*** Supplied data Section Begins ***
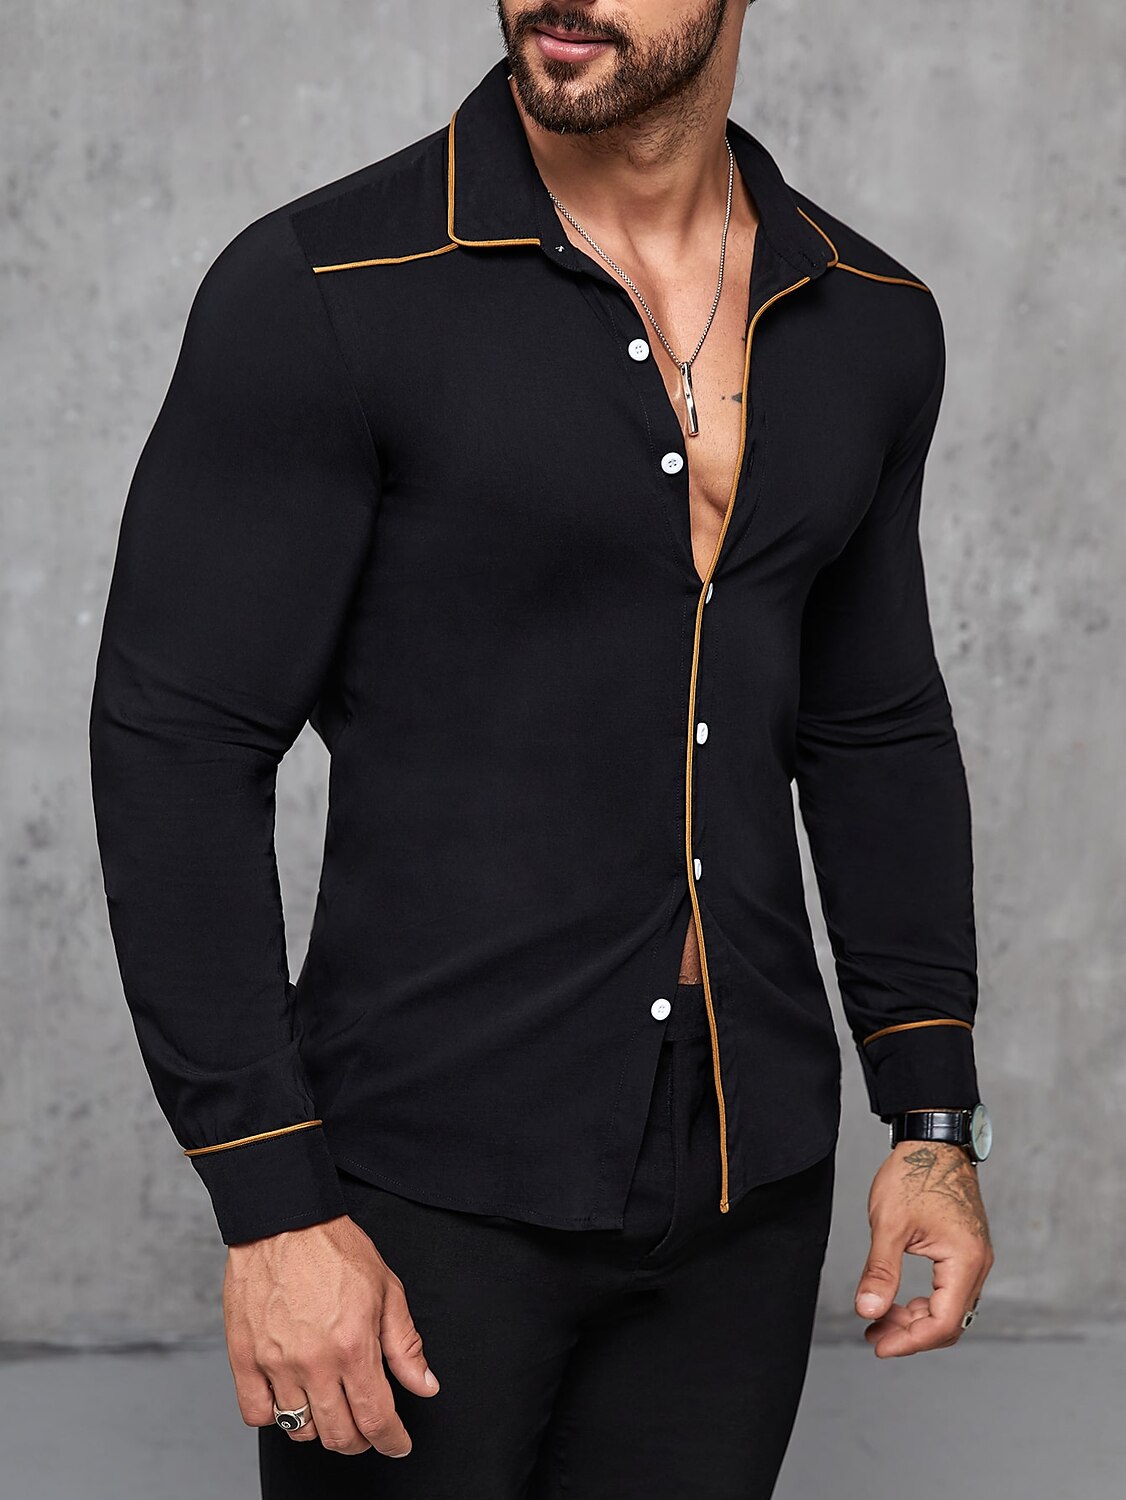 Men's Outdoor Casual Fashion Vacation Breathable Comfortable Light Plain Lapel Long Sleeve Shirt
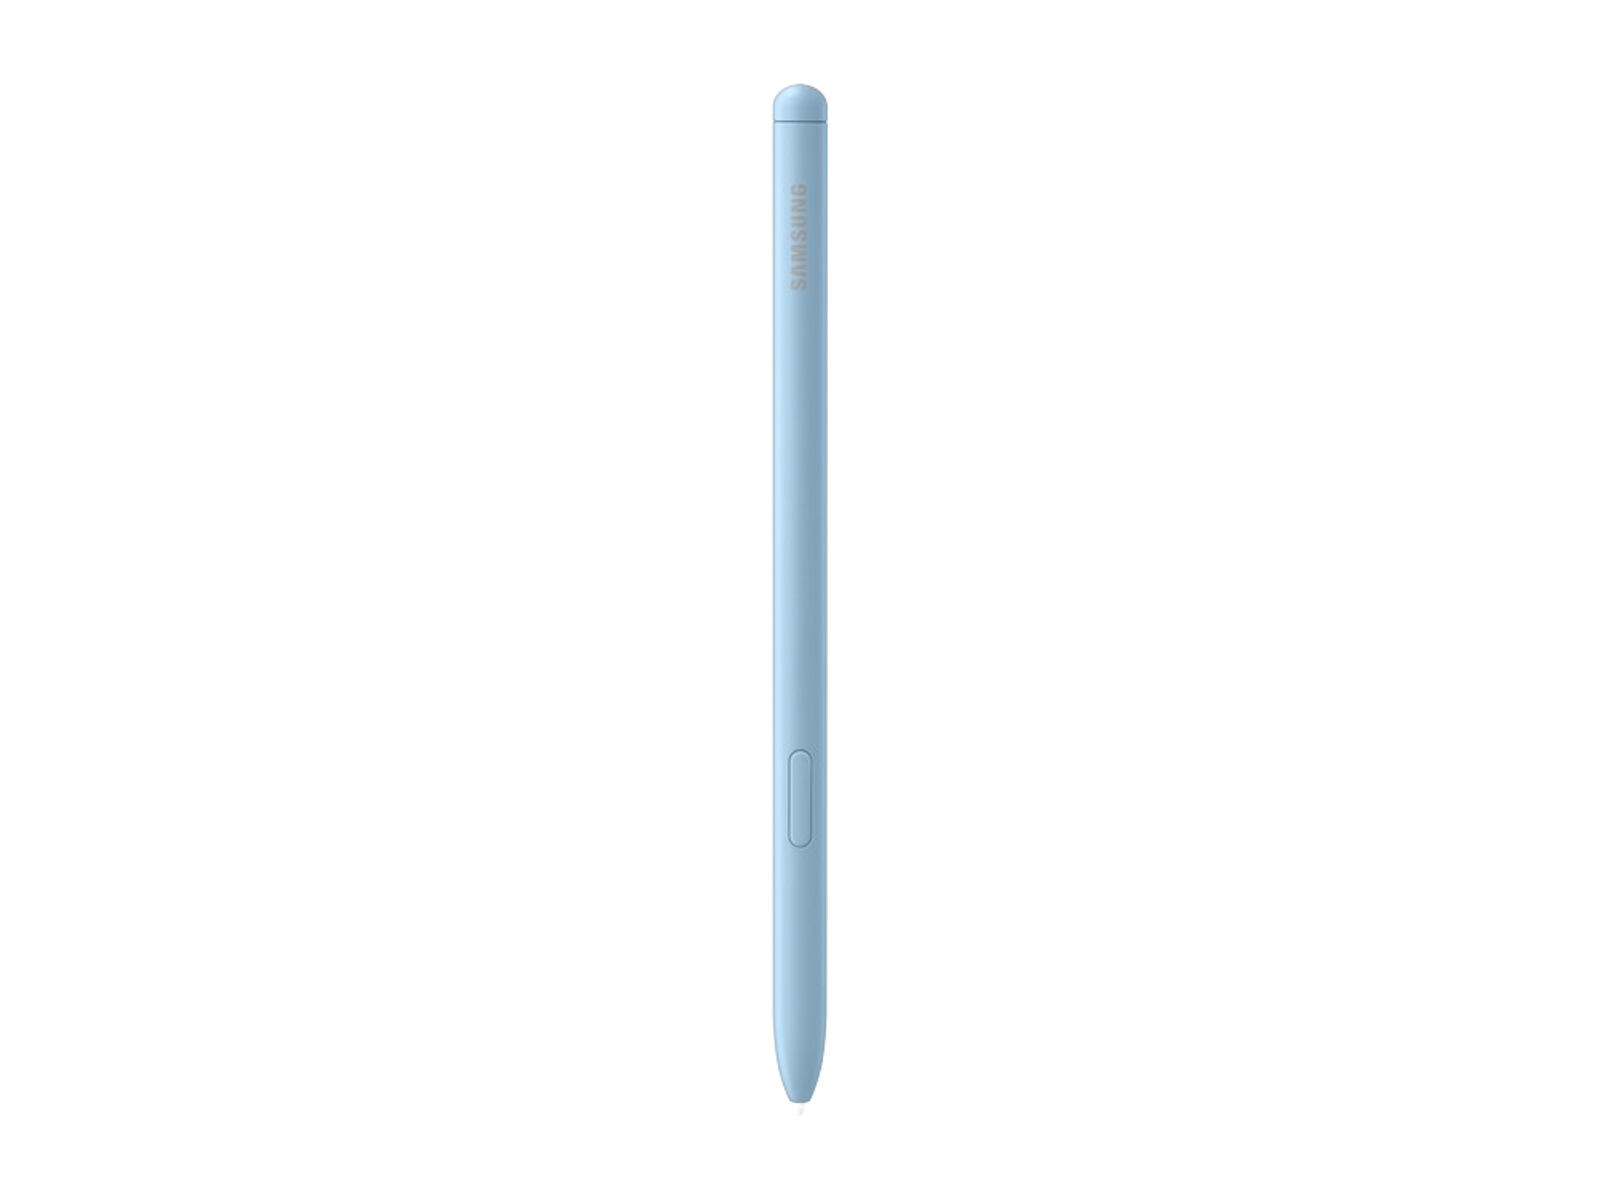 SAMSUNG S Pen Galaxy (blue) Lite darkgray S6 Standard Tab
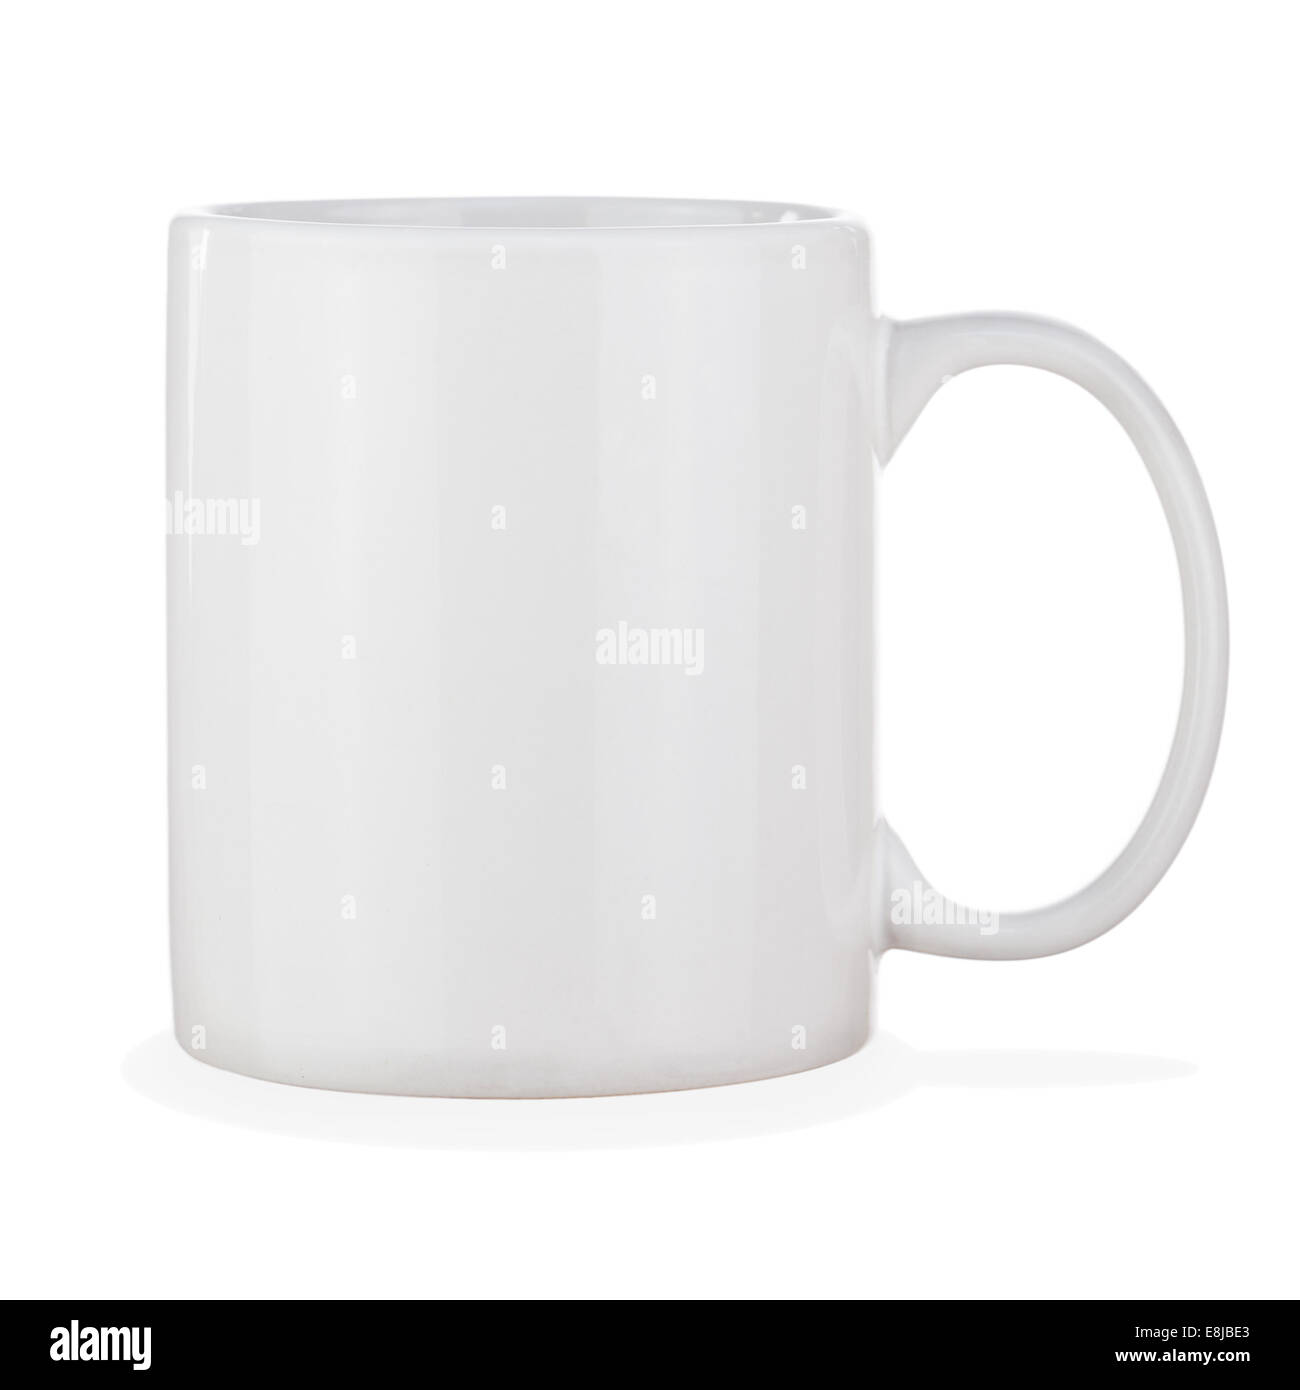 Weiße Keramik Kaffeetasse Isolated on White Background. Seitenansicht. Stockfoto
*** Supplied data Section Ends ***
Each line above should be set down exactly as written, with pictures excluded.

 Men's Outdoor Casual Fashion Vacation Breathable Comfortable Light Plain Lapel Long Sleeve Shirt
 SAMSUNG S Pen Galaxy (blue) Lite darkgray S6 Standard Tab
 Weiße Keramik Kaffeetasse Isolated on White Background. Seitenansicht. Stockfoto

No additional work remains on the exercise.